Category Theory
Zulip Server
Archive

You're reading the public-facing archive of the Category Theory Zulip server.
To join the server you need an invite. Anybody can get an invite by contacting Matteo Capucci at name dot surname at gmail dot com.
For all things related to this archive refer to the same person.


Stream: theory: applied category theory

Topic: network transformations


view this post on Zulip ww (May 30 2021 at 09:50):

Following from twitter discussion with @Jade Master about complex networks.
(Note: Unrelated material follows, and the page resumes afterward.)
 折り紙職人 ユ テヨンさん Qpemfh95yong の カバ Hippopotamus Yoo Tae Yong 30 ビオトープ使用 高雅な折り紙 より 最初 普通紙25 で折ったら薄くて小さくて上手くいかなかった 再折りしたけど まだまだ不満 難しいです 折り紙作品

Motivating question: I have some social contact network data that is useful for studying epidemics. It's specific to a particular community but it is valuable because it's rare to be able to collect such explicit data. It would be very nice to be able to share it, but I can't because it's too easy to identify individuals and households from it. Is it possible to produce a relevantly similar synthetic network to share?
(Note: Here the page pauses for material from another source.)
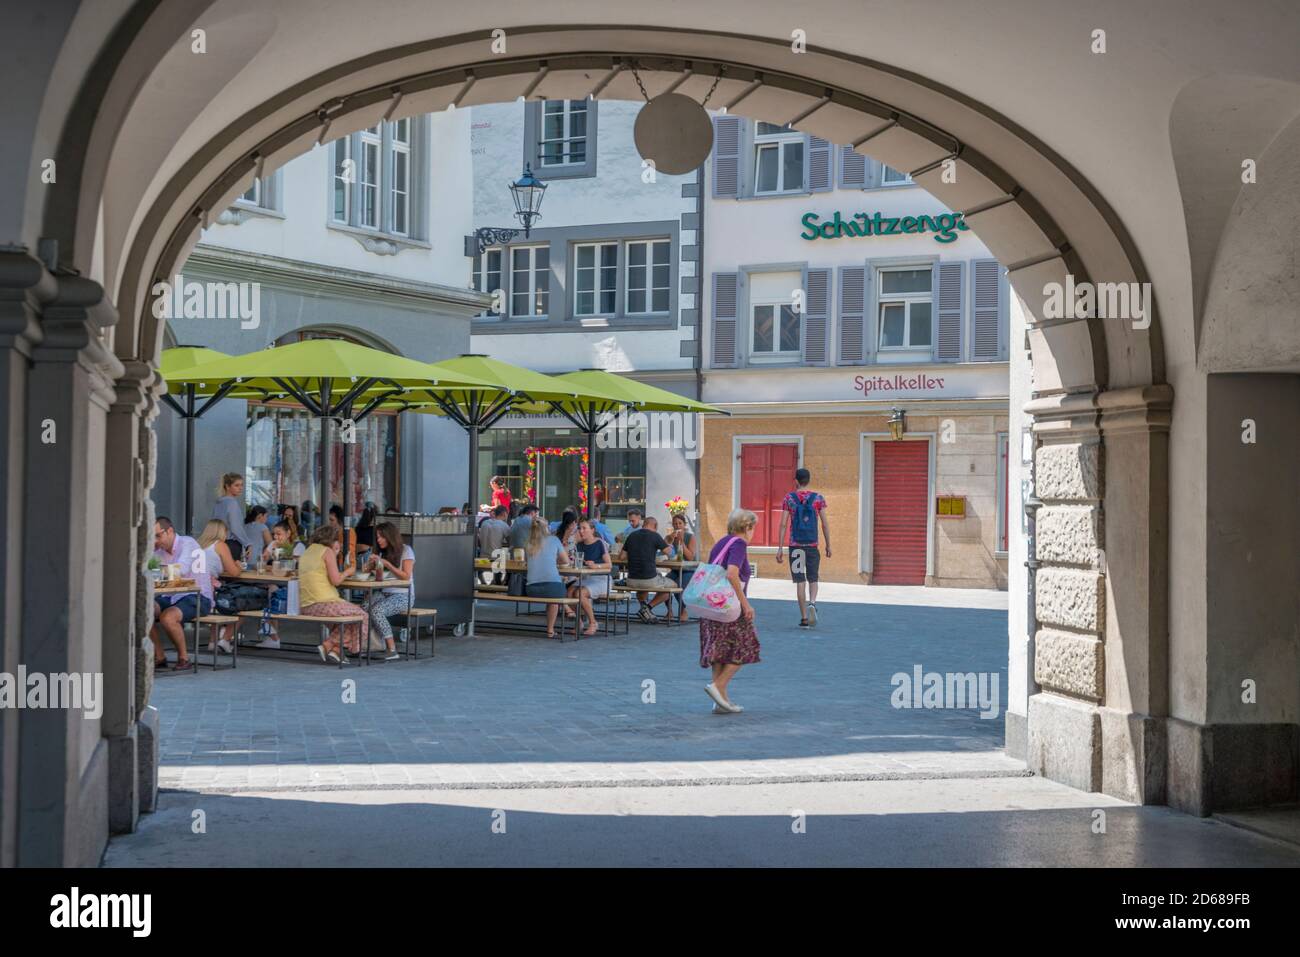 Door of Old town of St. Gallen, Switzerland Stock Photo

What does relevantly similar mean? I'm not certain but I think a plausible way to define it is to say that some of the measures that network science likes to use (diameter, eigenvalues of adjacency matrices, the distribution of centrality measures between vertices, etc) are the same. We think of these measures as numerically quantifying certain important kinds of structure in a network. This starts to sound like searching for special kinds of structure-preserving map between networks...

Next, we have things like SPO and DPO graph rewriting. They don't seem to have been given the full 𝕆pen(•) treatment. Maybe I am wrong, but it seems to me that ought to work. DPO graph rewriting feels like what you get if you allow tokens of a Petri net to have edges between them. In practice, graph rewriting rules like what we have with the κ-calculus are a lot like chemical reactions.

If we had 𝕆pen(DPO), say, or something like it, could it be used to construct these structure-preserving maps that we are searching for?

(AFK pancakes)

view this post on Zulip Robin Piedeleu (May 30 2021 at 10:53):

This is potentially not really helpful, but one way to hide individual-level data while preserving some structural properties of a dataset is to add random noise to individual values in a way that cancels out in aggregate. Is there a way of adapting this idea to graph models? Maybe random local graph rewrites could serve as noise here? But I have no idea how to guarantee that they preserve whatever global property you care about.

view this post on Zulip Robin Piedeleu (May 30 2021 at 10:55):

Oh wait there's even a name for this field: https://en.wikipedia.org/wiki/Differentially_private_analysis_of_graphs

view this post on Zulip John Baez (May 30 2021 at 15:04):

William Waites wrote:

Next, we have things like SPO and DPO graph rewriting. They don't seem to have been given the full 𝕆pen(•) treatment.

I'm not sure it's what you want, but have you looked at my student Daniel Cicala's thesis?

Daniel Cicala, Rewriting Structured Cospans: A Syntax For Open Systems, Ph.D. thesis, U. C. Riverside, 2019.

It's all about double pushout rewriting for open graphs.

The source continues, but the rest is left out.